The first was the fact that this was the first Mario co-op game (as opposed to the hotseat approach shown in the Donkey Kong series). In other words, there’d be two players on screen. They couldn’t very well have two Marios, so the Mario sprite was palette-swapped ( or ‘recoloured’) and Luigi was born.

The second was the fact that they changed Mario’s profession from a carpenter to a plumber, which they did purely because of where the game took place. Videogames often have a sewer level: Marios Bros was literally just the sewer level.

Mario Becomes A Franchise

Super Mario Bros

The next game, the side-scrolling platformer Super Mario Bros, was the first Mario game released for home console, specifically the FamiCom – or as it was known in the rest of the world: The Nintendo Entertainment System (NES).

Super Mario Bros came free with the NES, which meant that every single NES owner had access to the game.

While it could be argued that this is why the character became so beloved, the same wasn’t true for the character in the free game that came with the Sega Master System (Sega’s answer to the NES), Alex Kidd. In fact, Alex Kidd’s lack of popularity would ultimately result on Sega creating another mascot, Sonic the Hedgehog.

Super Mario Bros would go on to receive multiple remakes, and also spawn multiple sequels and spin-offs that would appear on the Super Nintendo Entertainment (SNES), such as Super Mario World (which introduces Yoshi to the franchise) and Super Mario Kart.

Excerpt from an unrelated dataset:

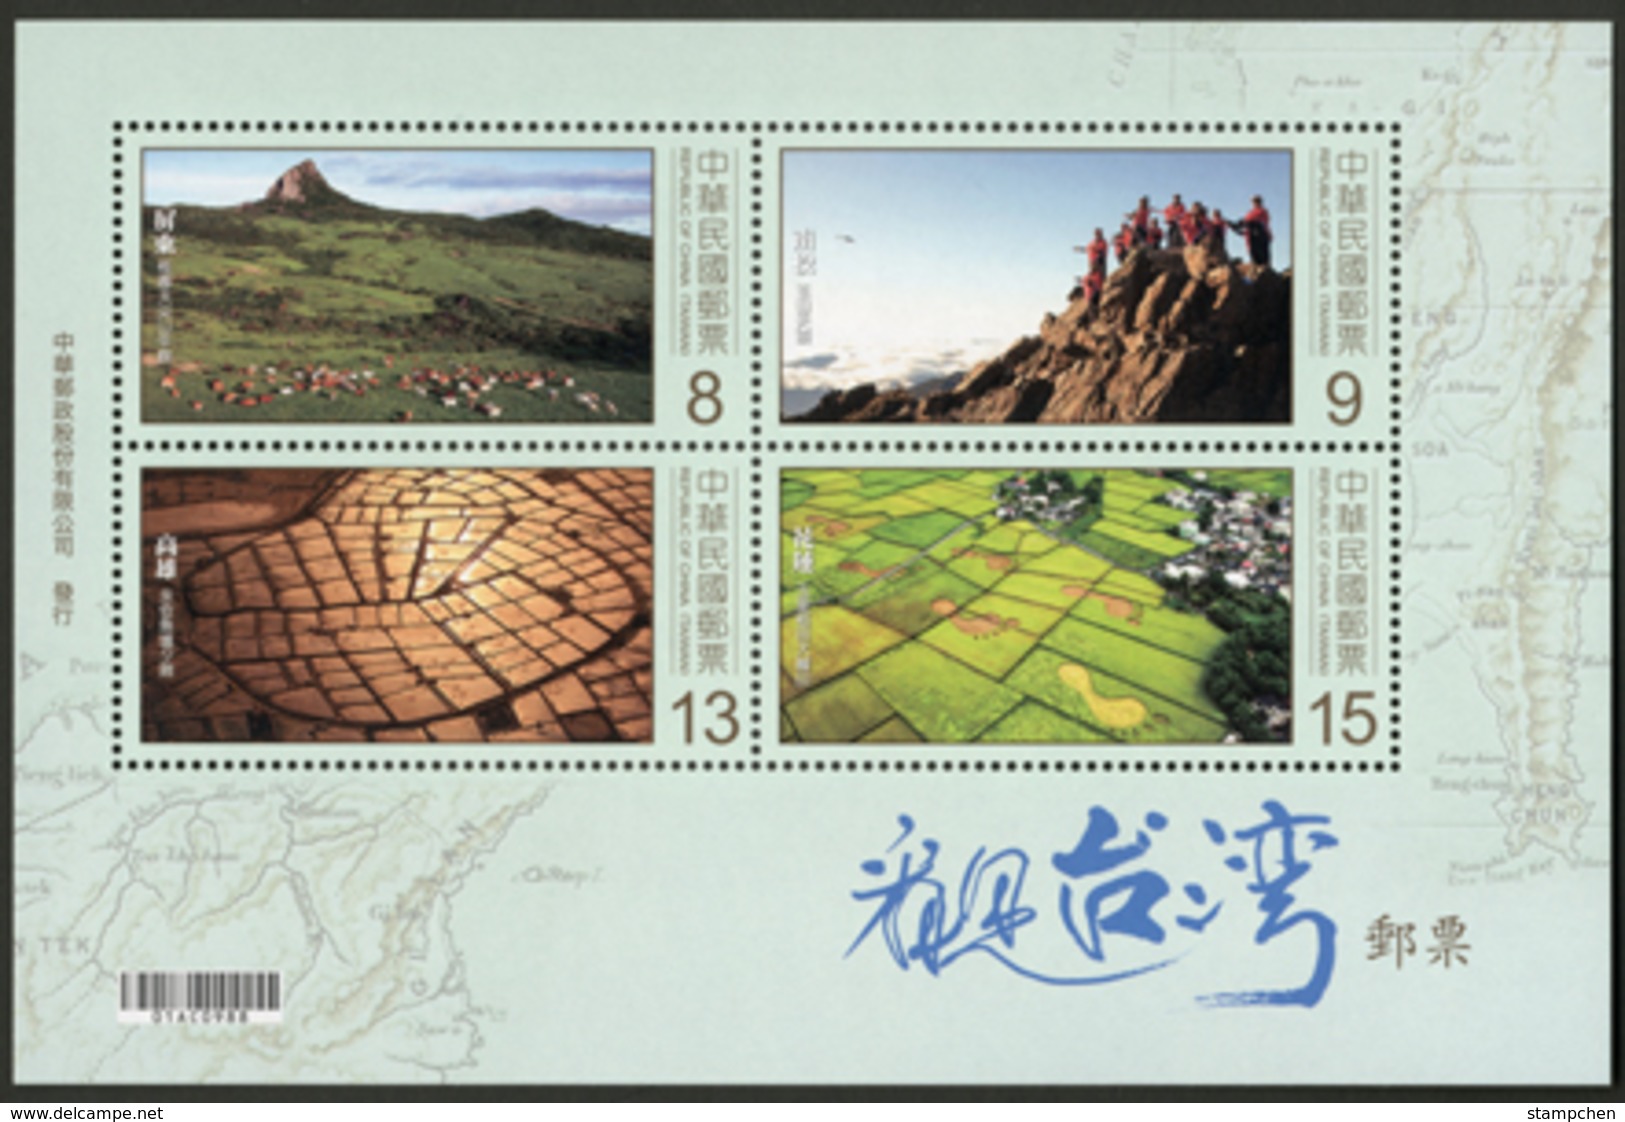 2018 Taiwan From The Air Stamps S/s Cattle Cow Mount Fish Paddy Field Farm Map Helicopter - Agriculture

Mario: Beyond The 8-bit Consoles

Mario was one of the first videogame characters to appear on TV (in 1983), and even appeared on multiple shows in that same year.

The Nintendo 64 game, Super Mario 64, is regarded as the game most responsible for popularizing 3D platform games – even if it wasn’t technically the first one.

Mario has appeared in non-platformer games, such as the puzzle game Doctor Mario. He’s also appeared in non-Mario games, such as the Smash Bros series.

Mario received a live-action feature film in 1993, ‘Super Mario Bros.’ and also recently appeared in the Pixar film ‘Wreck-It Ralph’.

Speaking of Wreck-It Ralph – now you know why the character Felix uses a hammer: Because he was based on Mario, who began his life as a carpenter!